На картине у Яна Матейко через окно видны не только часы и стрелки на них, но и хвост кометы, пролетающей над вавельской башней. Комета — примета, ворожба. Что ж ворожила она Станьчику, вавельской башне, Чурилке, тоже ведь с Вавеля за ней наблюдавшему?..
Люди — чуткие, и люди вместе с тем — нечуткие. Чутким был Жигимонт, когда слушал песни Чурилкины. А когда оставлял Чурилку на Вавеле, и особенно когда отправлялся в тот край, о котором грустили песни Чурилкины?
Молчал о своем на Вавеле Станьчик. молчал о своем — Чурилка, молчат до сих пор о своем башни седого Вавеля, молчат и Остробрамские ворота в Вильне, которые помнят последний обращенный к ним взгляд Франтишека Скорины.
У птиц всегда остается недопетое, у деревьев — недошумленное, у человека — недоговоренное. Так оно было и в средневековье, когда тоже не успевали за всю свою жизнь договорить что-то и короли, и шуты, и ученые мужи, и чернокнижники, и отцы детей, и дети отцов...
Из героев этой книги не договорили о боге и Франтишек Скорина и король Жигимонт. Жигимонт Старый недоговорил еще и о колоколе своем, по его желанию на Вавельскую колокольню поднятом, — о самом большом колоколе на Вавеле и во всей Речи Посполитой, который в народе польском станет называться колоколом-Зыгмунтом и будет до скончания века напоминать ему своим перезвоном о недоговоренном на земле Жигимонтом Старым...

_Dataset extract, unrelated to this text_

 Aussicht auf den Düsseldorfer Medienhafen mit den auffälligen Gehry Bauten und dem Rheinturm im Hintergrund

Но более всего недоговоренного остается у словоохотливых. А разве не ими были Прекрасные цветки средневековья?..
Вот пан Твардовский: у него постоянно вертелась на языке поговорка, что не так страшен черт, как его малюют, но он так ни разу и не воспользовался ею, как ни разу не подчеркнул, чем же объясняется его пристрастие к ошмянскому акценту. А дело тут было не просто в некой изящности выговора, а в том, что, понимая не только польский, белорусский, немецкий, французский и английский языки, пан Твардовский знал, что слово «ошмяна» по-литовски означает «лезвие», «острие». Ходить по лезвию чего-то, быть на острие чего-то — о, пану Твардовскому это всегда нравилось, но, по-видимому, при застенчивом Скорине и он становился чуточку стеснительнее и потому всего-всего о своем самом-самом недоговаривал.

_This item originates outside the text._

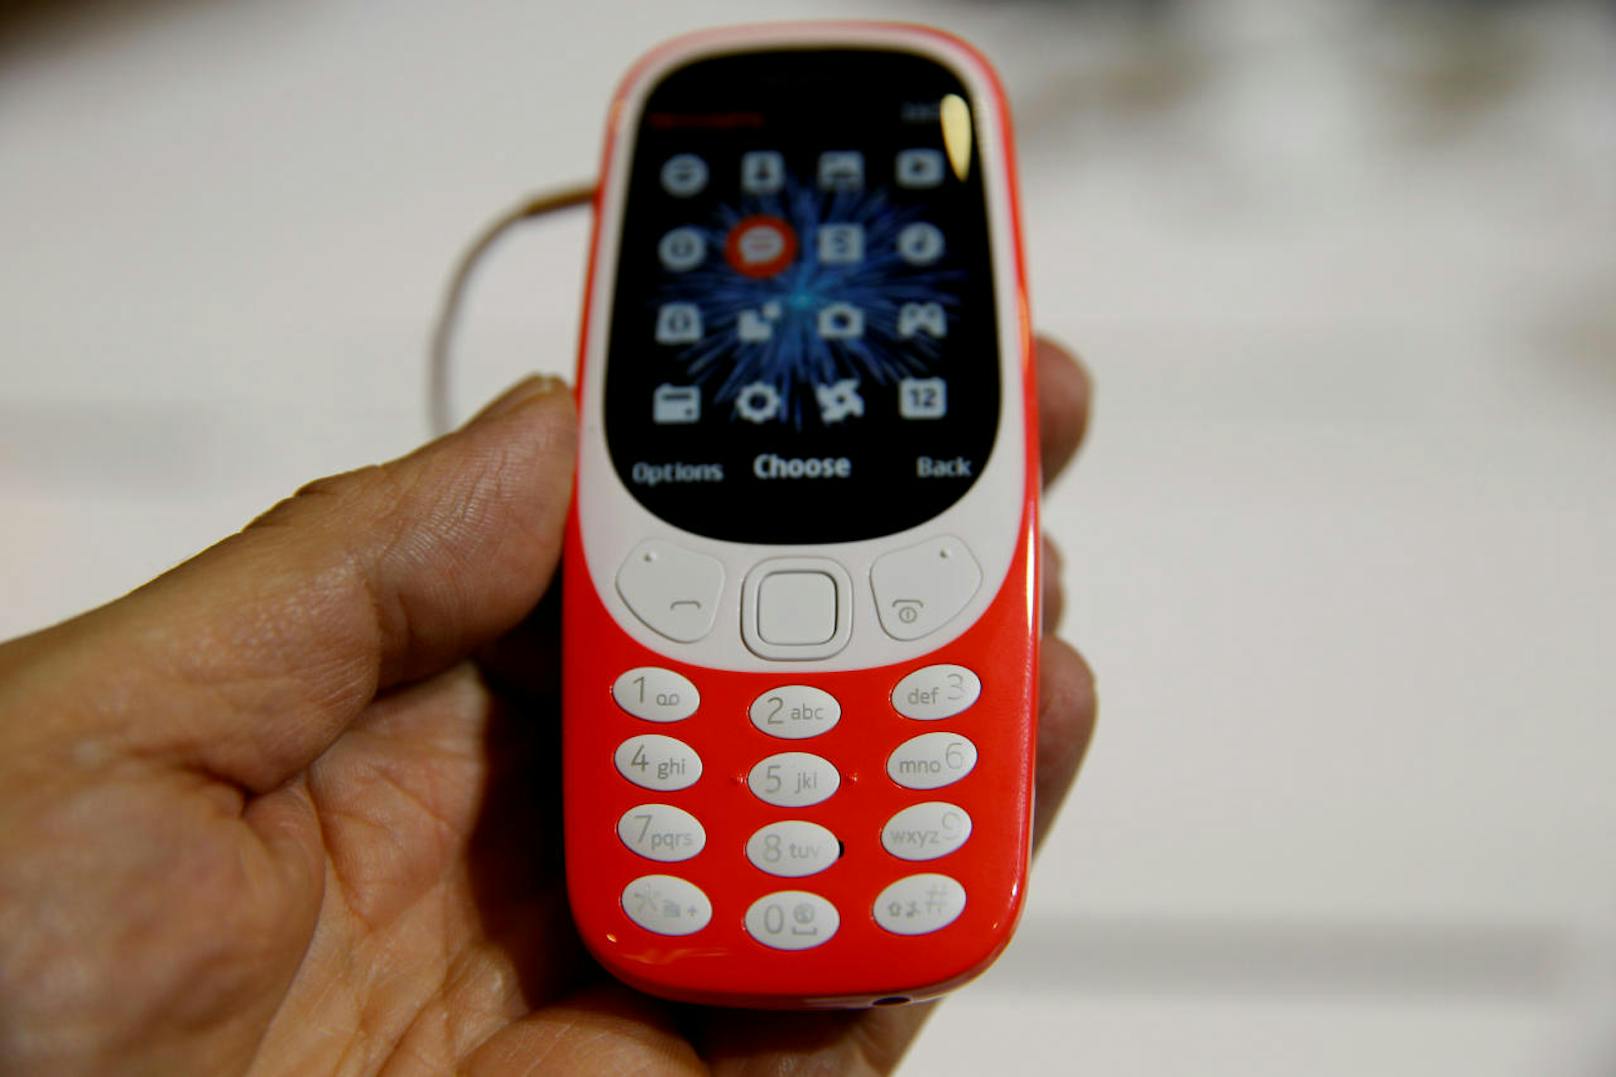 <b>14. Februar 2018:</b> Gelungenes Revival! Laut dem Analysten Neil Shah von Counterpoint Research sorgt die Marke Nokia für gute Absatzzahlen. So wurden laut seinen Berechnungen im letzten Quartal von 2017 mehr als 4,4 Millionen Handys verkauft. Der weltweite Marktanteil von Nokia-Hersteller HMD Global belaufe sich damit auf ein Prozent. Laut Shahs Analyse sind in dem Zeitraum mehr Smartphones von Nokia verkauft worden als solche von den Herstellern HTC, Lenovo, OnePlus, Sony oder Google. Marktführend sei Nokia mittlerweile bei den sogenannten Feature-Phones, wie dem Nokia 3310. Hier betrage der weltweite Marktanteil 15 Prozent.

Казалось бы, никакой застенчивостью не отличался и доктор Фауст, однако и он, например, так и не вспомнил о своем прапрапра... , каковым считал Фаустула-пастуха, нашедшего некогда над Тибром близнецов Ромула и Рема и отнесшего их к себе домой на Палатинский холм. И втайне доктор Фауст всегда очень боялся, что кто-нибудь выведет его фамилию из вульгарного слова «кулак». И проступал в том беспокойстве один весьма существенный нюанс. Как известно, у земляков великого доктора магии слова «faust» и «fest» в произношении путались — особенно в Баварии, Тюрингии, Страсбургии. И поэтому доктор Фауст настойчиво выводил и для себя, и для других свою фамилию .не из путаницы немецкого плебса, а из благородной латыни. И сколь ни богато самыми исключительными смыслами немецкое слово Fest, так как означает не только «праздник», но и «силу, прочность, надежность, нерушимость, определенность, постоянство, заговоренность, зачарованность», доктор Фауст всегда наотрез отказывался от него уже лишь потому, что это слово для его соотечественников значило прежде всего «твердый», а уж затем все остальное, и это обстоятельство, но разумению Фауста, могло поставить его, ' доктора магии, на одну и ту же доску с недоучкой Краковской академии, как называл он про себя пана Твардовского.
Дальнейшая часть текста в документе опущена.